Insofern, glaube ich, kann das nur dazu führen, dass die Argumente sinnvoller ausgetauscht werden. Deshalb ist es hier ein völlig sachlicher und angemessener Umgang mit der Sache, keine Schwächung der direkten Demokratie, sondern lediglich eine Klarstellung der Spielregeln. Wir können darüber im Einzelfall noch diskutieren. Aber mich erstaunt schon, dass hier ein so großes Theater um einige wenige Klarstellungen gemacht wird. – Vielen Dank!
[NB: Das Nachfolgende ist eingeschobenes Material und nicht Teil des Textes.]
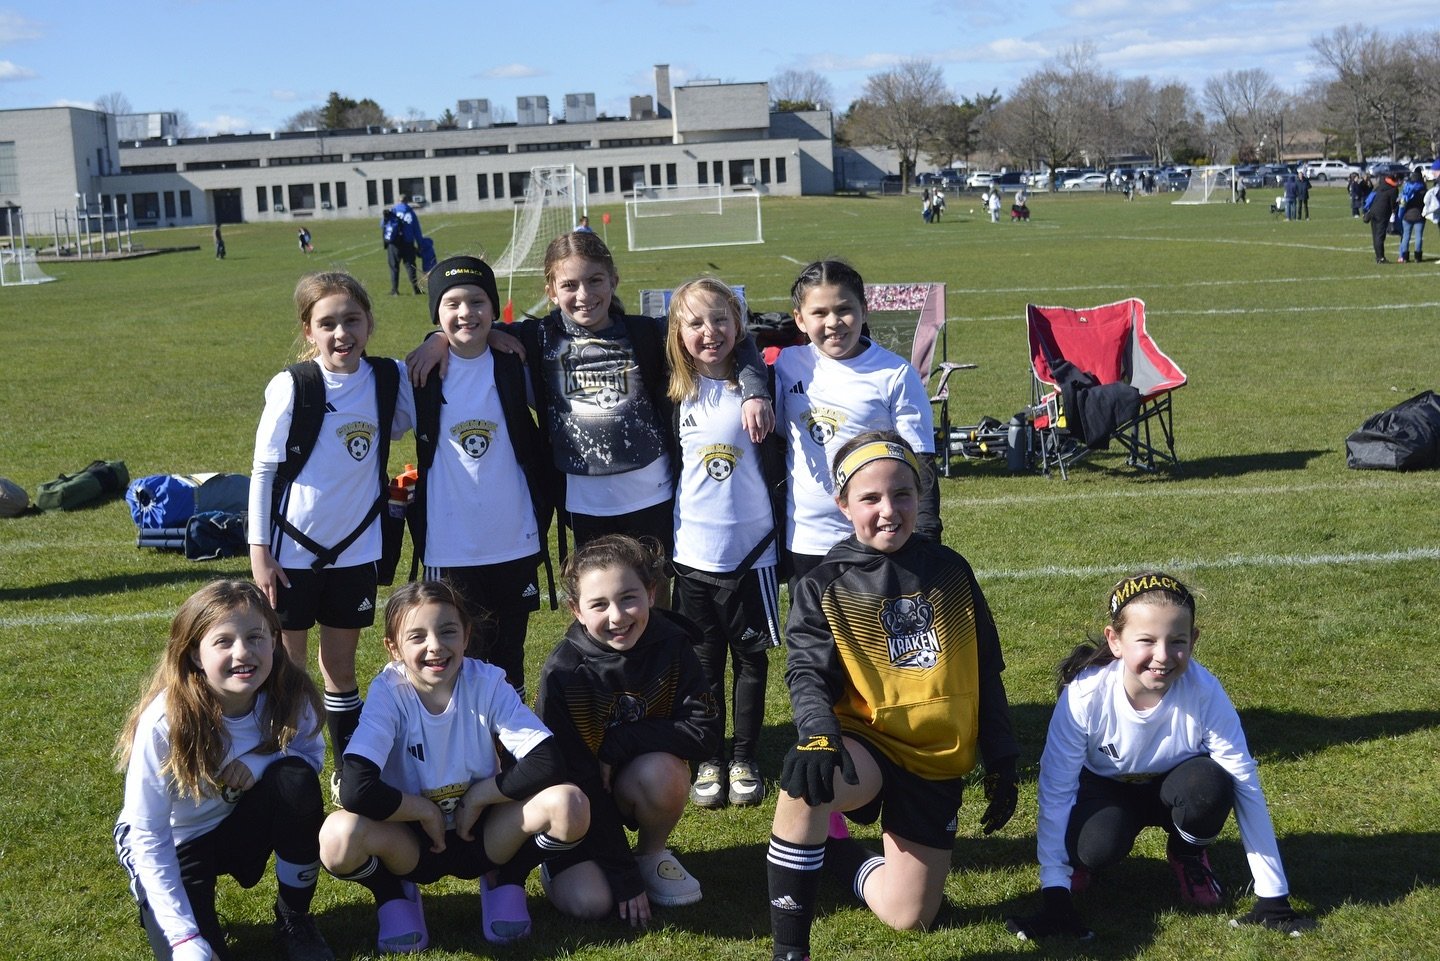 Two games&hellip; two wins! What an exciting weekend for the G15 Kraken 👏🏼⚽️ #CommackSoccer #CommackSoccerLeague

[Beifall bei der CDU – Vereinzelter Beifall bei der SPD]

Vielen Dank, Herr Dr. Juhnke! – Für die Piratenfraktion hat jetzt das Wort der Abgeordnete Herr Dr. Weiß.

Vielen Dank! – Der Antrag, wie er hier von den Koalitionsfraktionen gestellt wurde, ist sowohl inhaltlich als auch von der Art des Vorbringens eine Unverschämtheit.
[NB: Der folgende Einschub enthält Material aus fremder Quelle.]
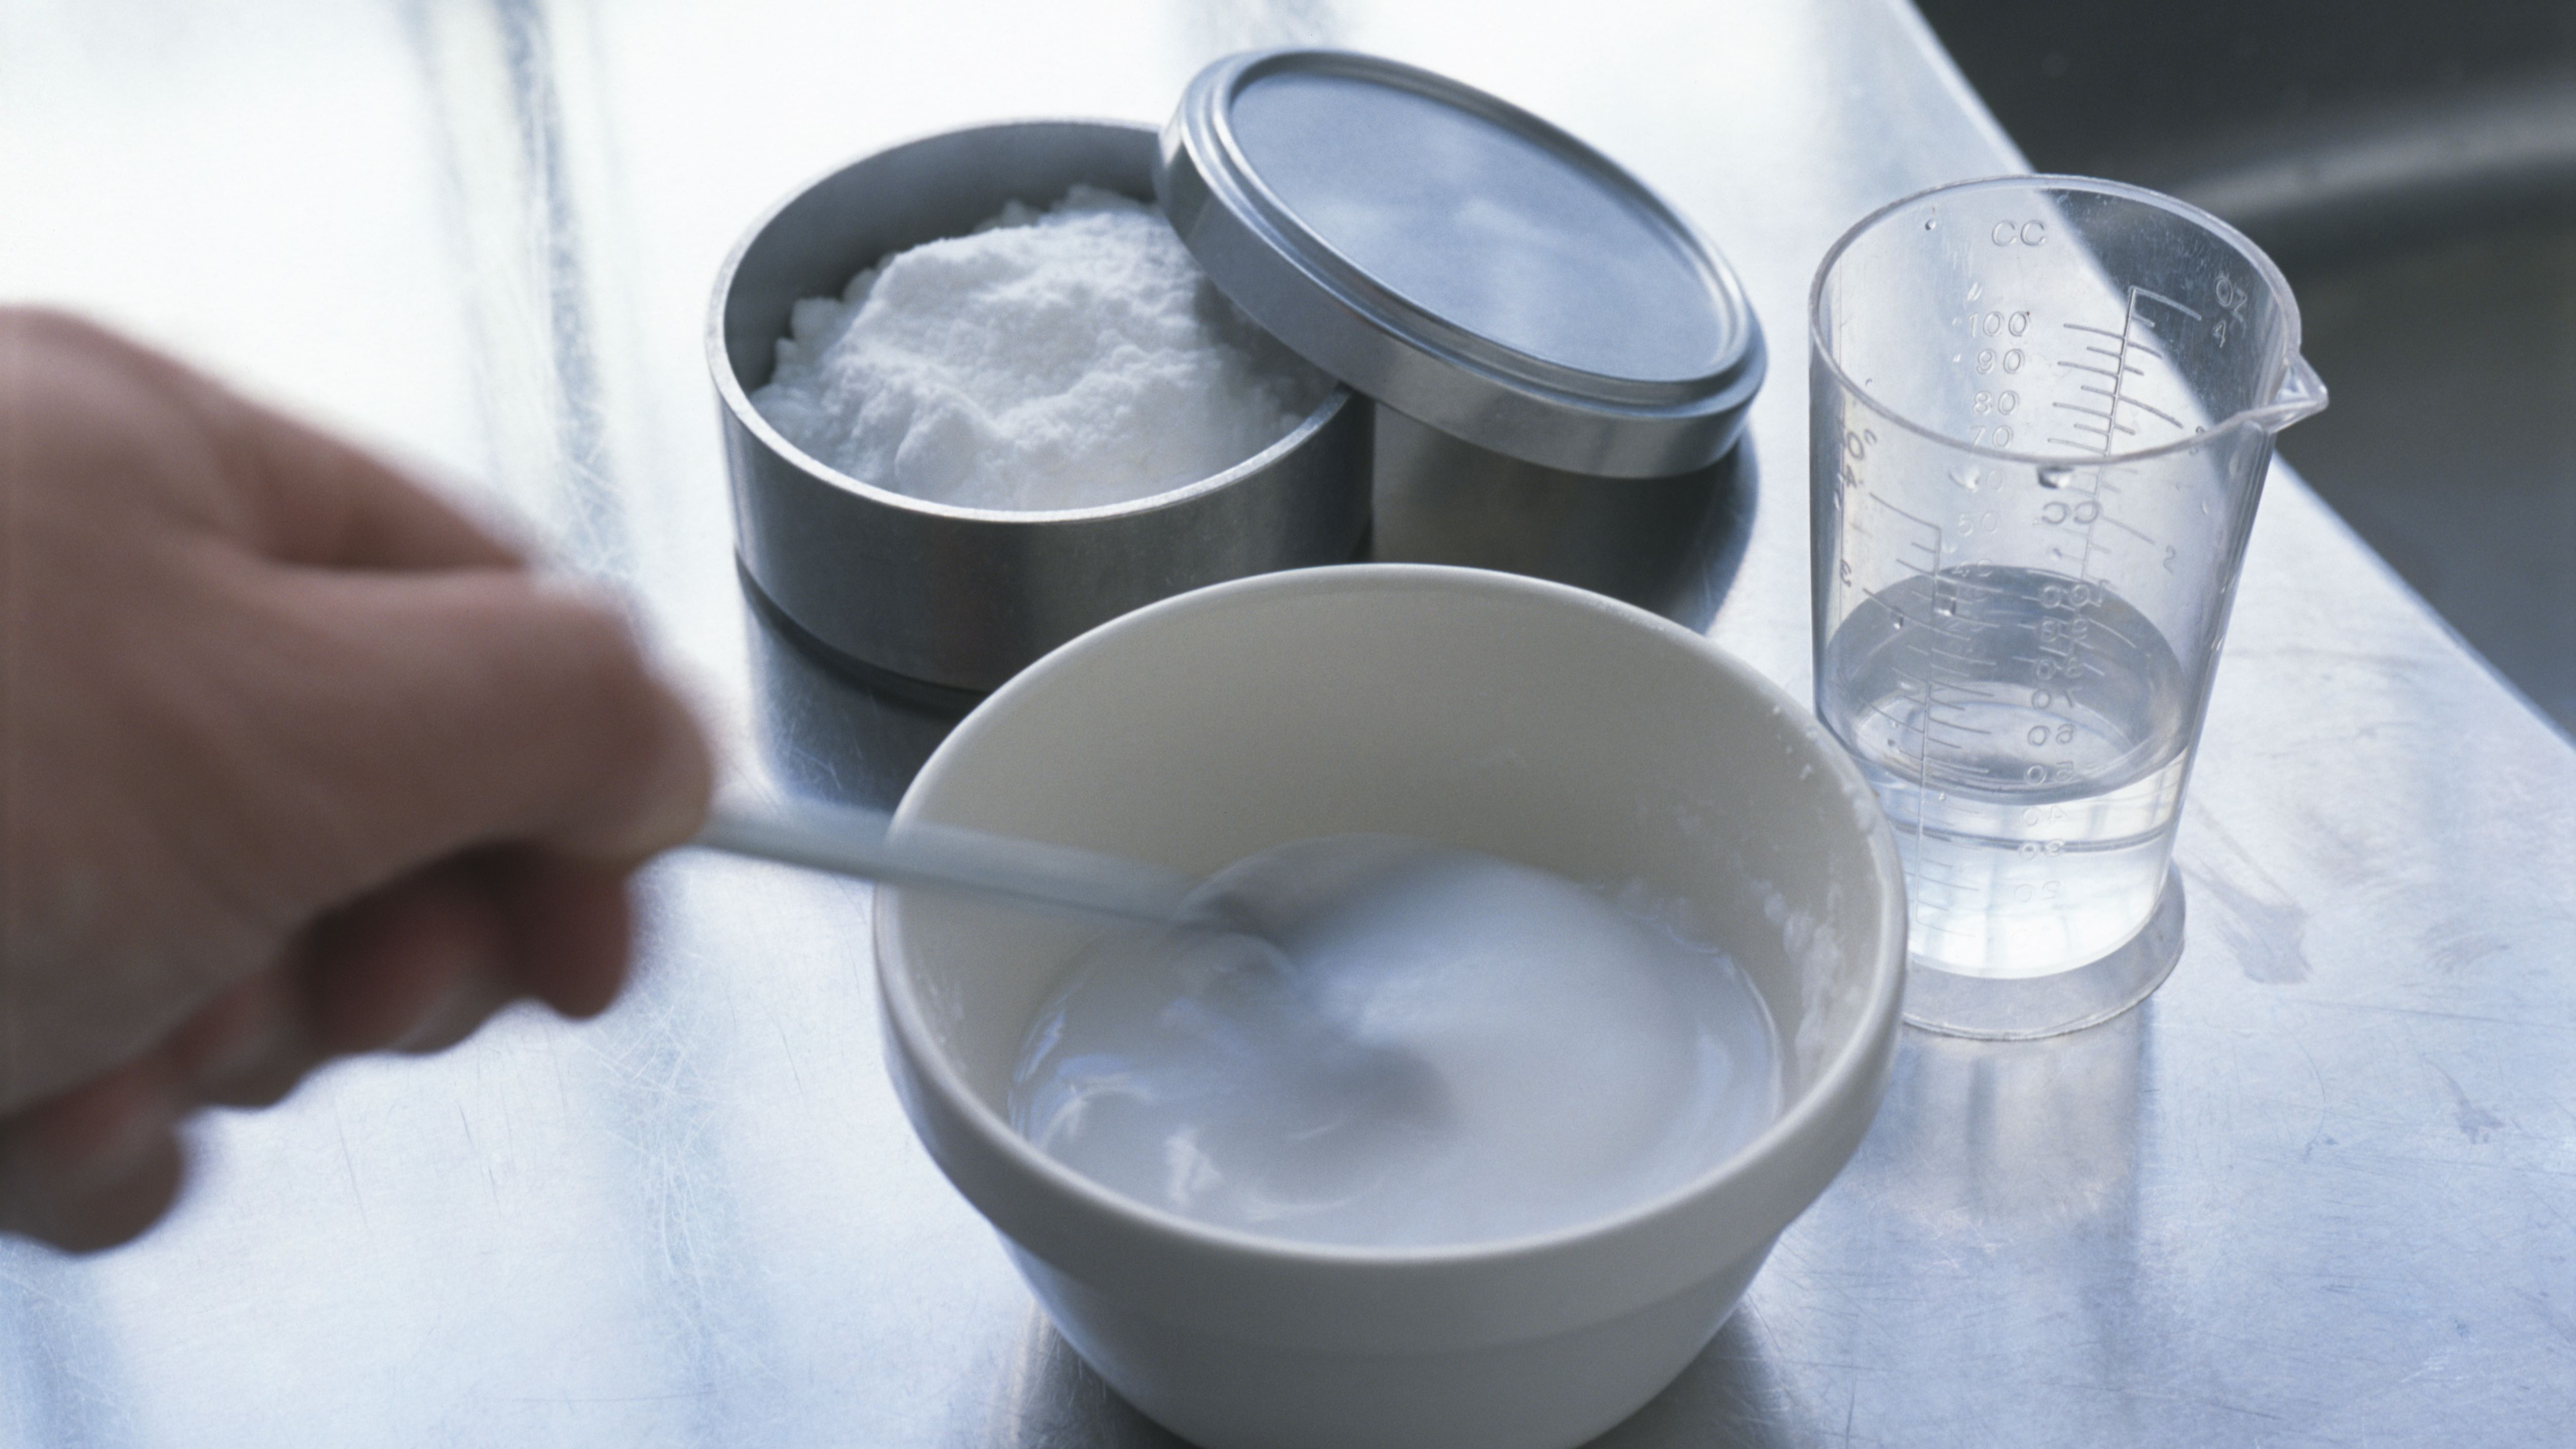 Baking soda and water paste is a very common natural remedy.

[Beifall bei den PIRATEN – Beifall von Dr. Klaus Lederer (LINKE)]

Man merkt auch, dass Sie eigentlich gar nicht richtig darüber reden wollen, dass es Ihnen selbst auch ein bisschen unangenehm ist. Sie haben die Besprechung hier auch gar nicht selbst eröffnet, das musste Die Linke tun. Sie haben stattdessen einen Antrag zur Priorität gemacht, bei dem dann Ihre Redner/-innen sagen, ach, müssen wir jetzt schon wieder hierüber reden, na ja.

[Beifall und Heiterkeit bei den PIRATEN und der LINKEN]

Was müssen Sie dann von diesem Antrag hier denken, den Sie selbst einbringen?

Zum Inhaltlichen ist schon einiges gesagt worden. Die Sache mit den Unterschriften: Sie tun jetzt so, als ginge es nur darum, dass die Vorschriften, die es gibt, einheitlich von Bezirk zu Bezirk angewendet werden. Dagegen kann ja niemand was haben. Aber wenn die bestehenden Vorschriften einheitlich angewendet werden, dann müssen die bestehenden Vorschriften dazu nicht geändert werden, dann muss nur die Umsetzung der Vorschriften geändert werden.

[Beifall bei den PIRATEN – Beifall von Dr. Klaus Lederer (LINKE) und Benedikt Lux (GRÜNE) – Martin Delius (PIRATEN): Schlechte Logik, Herr Kollege!]

Der Innensenator – jetzt geht er gerade wieder – hat auch die Kompetenz dafür, dazu Ausführungsvorschriften zu machen. Sie ändern die Substanz der Vorschriften. Sie erhöhen in der Substanz die Anforderungen.